A wild card is how a litigious society will respond when patients are denied care. In the absence of clear protocols, doctors and hospitals run the risk of legal challenges that could gum up the works. "We think the risk to physicians is low, but not zero, and not trivial," says Glenn Cohen, a law professor and bioethics expert at Harvard Law School.

The act of taking a patient off a ventilator is, legally speaking, fraught. Criminal law generally doesn't hold doctors responsible for not providing care if they don't have the resources, but taking a patient off a ventilator without their consent is a different matter. "It looks on paper like homicide," he says. "It doesn't matter if the patient would have died anyway. Case law says that shortening a life even by a few hours could lead to charges of manslaughter or murder."

In a crisis, Cohen doesn't believe prosecutors would pursue such cases against doctors. But it would be up to the individual prosecutor. On the civil side, doctors could be sued for malpractice, but the risk that a jury would award damages is low, he says. If a doctor wanted to take a patient off a ventilator, there's also the possibility that a patient's family could seek an injunction from a judge, which would bring the whole process to a halt.

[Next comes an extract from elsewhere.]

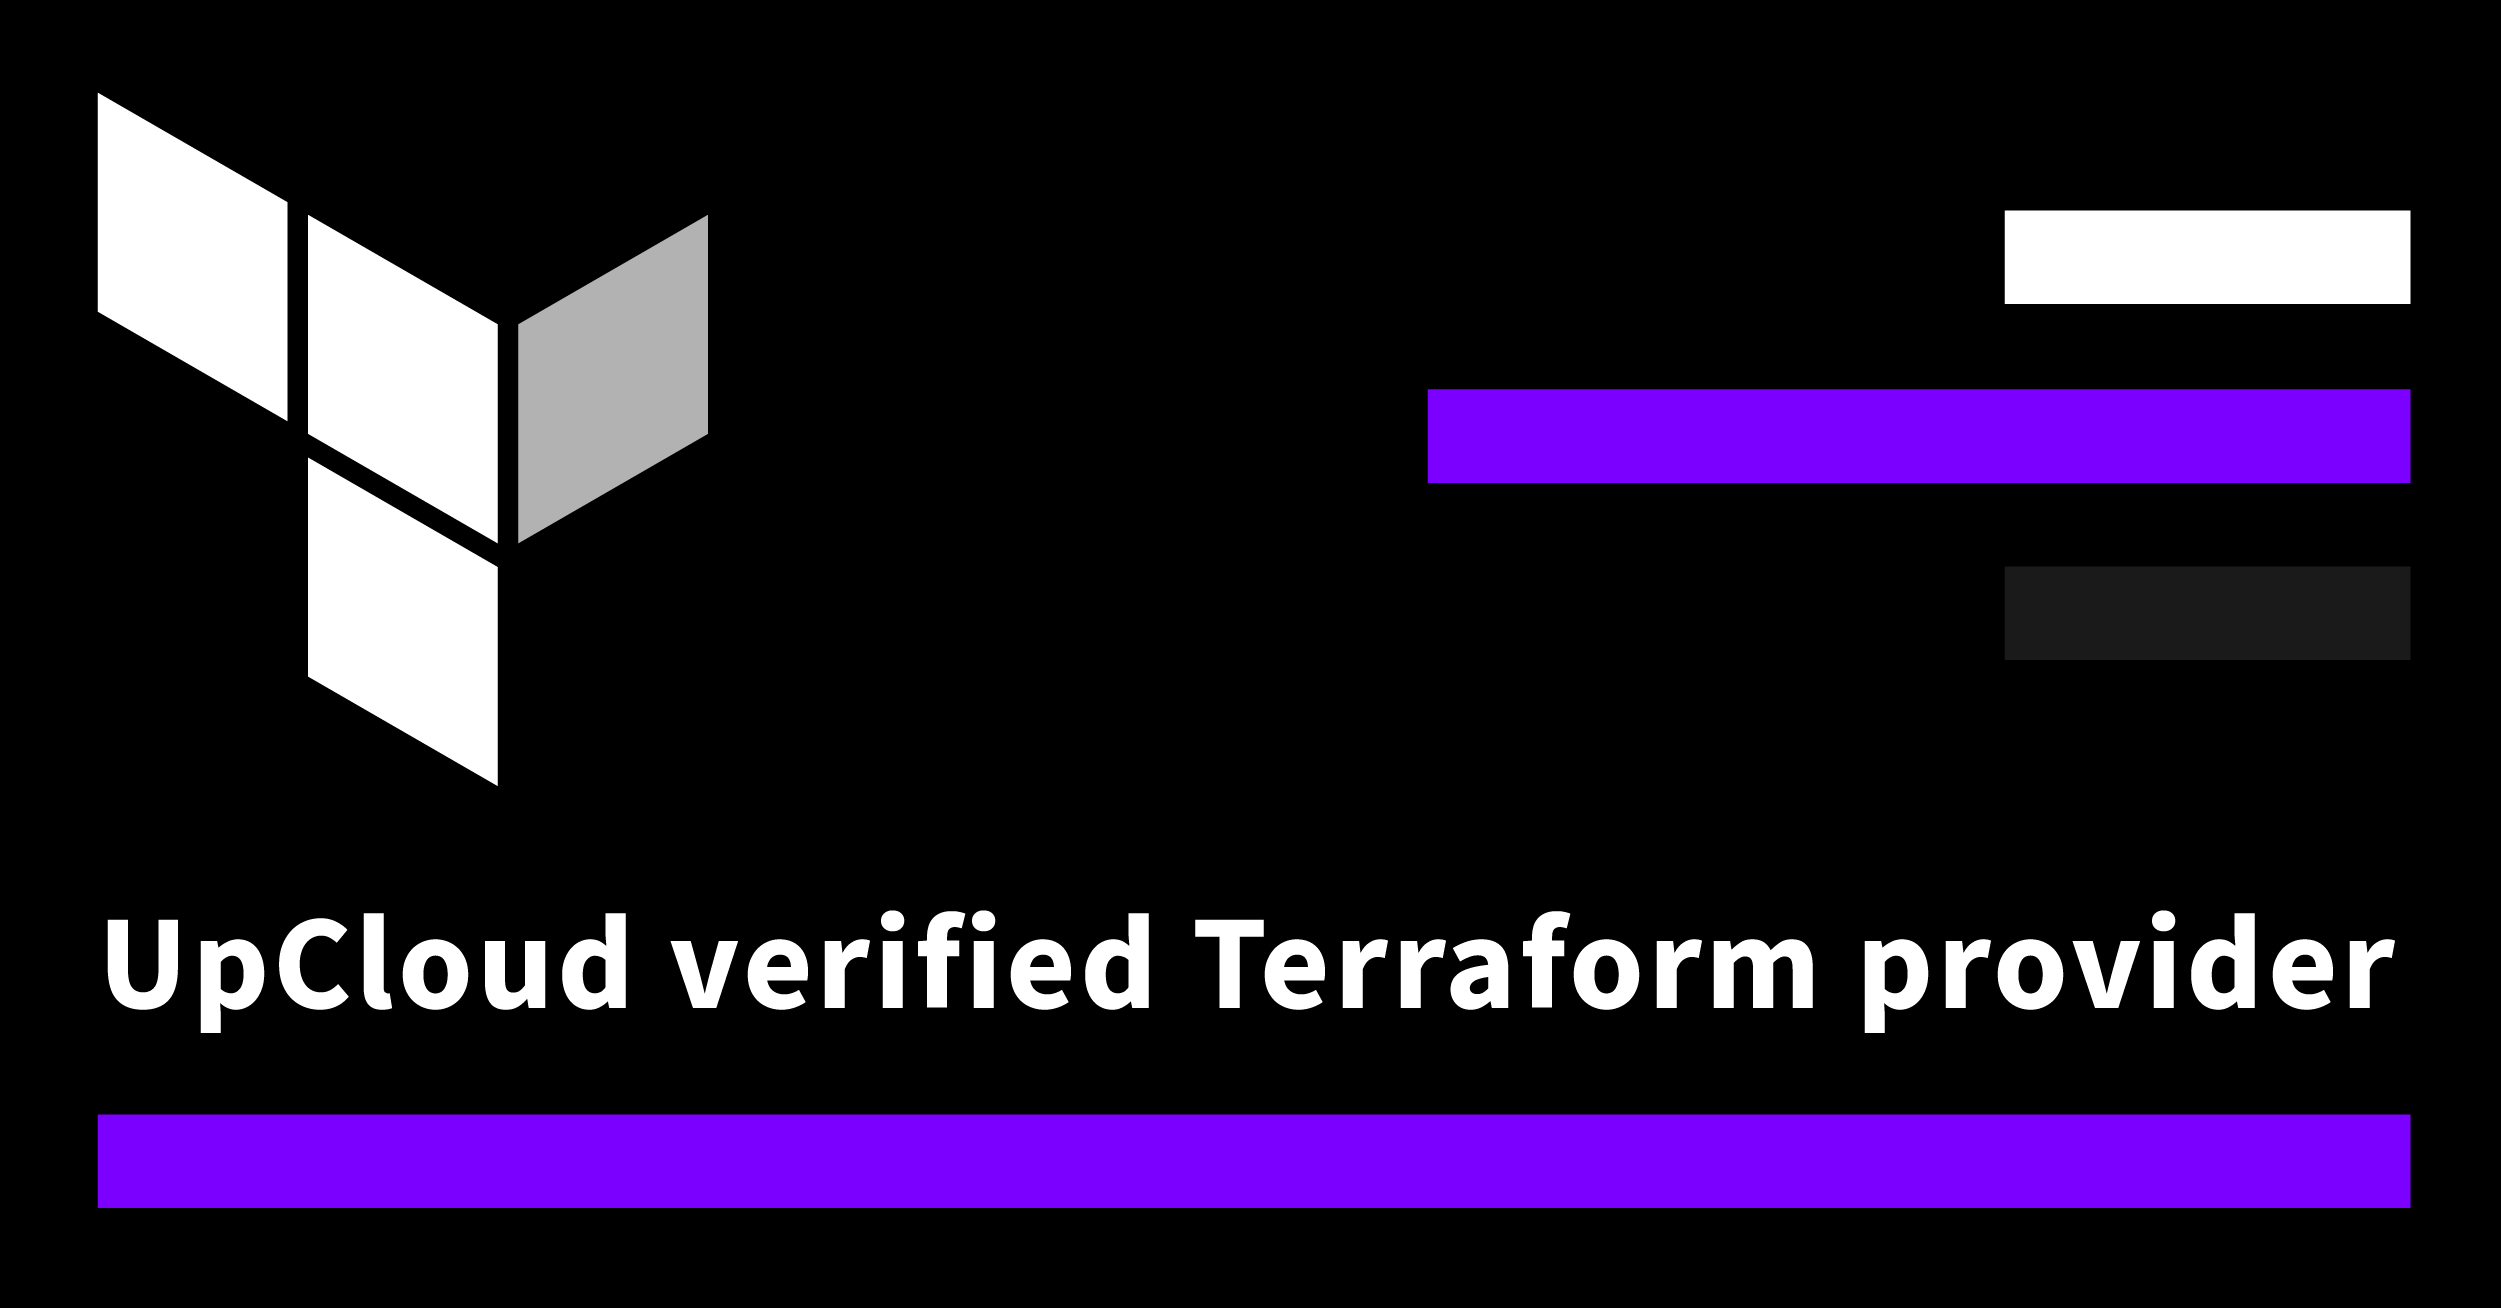 UpCloud verified Terraform provider

Although Federal statutes grant some immunities for health care workers, they're not adequate, and of all the states only Maryland provides adequate protection. Cohen would like to see state legislatures provide temporary protection for doctors for the duration of the COVID crisis. In the interim, he says, state district attorneys and attorneys general should write letters pledging not to prosecute doctors if they abide by protocols such as those developed in Pittsburgh. "If a doctor is engaged in good-faith compliance with standards, they should be immune from prosecution," he says.

The crisis in critical care that U.S. hospitals are now dealing with reminds Truog of his experience in Haiti after the earthquake in 2010. He saw children with severe pneumonia, who needed ventilation. But hospitals didn't have enough of the devices to go around, so doctors had to make difficult choices. "This was part of daily life for Haitians," he recalls. "It seemed like a necessity. We felt we were doing the best we could."

What he finds striking, in retrospect, is how ordinary rationing critical health care seemed in one of the poorest nations on earth. "I think it will be a lot harder for Americans."

Correction: 4/3/2020, 3:28 pm: Glenn Cohen believes that state legislatures, not the U.S. Congress, should provide temporary protection for doctors during the covid crisis. This has been corrected.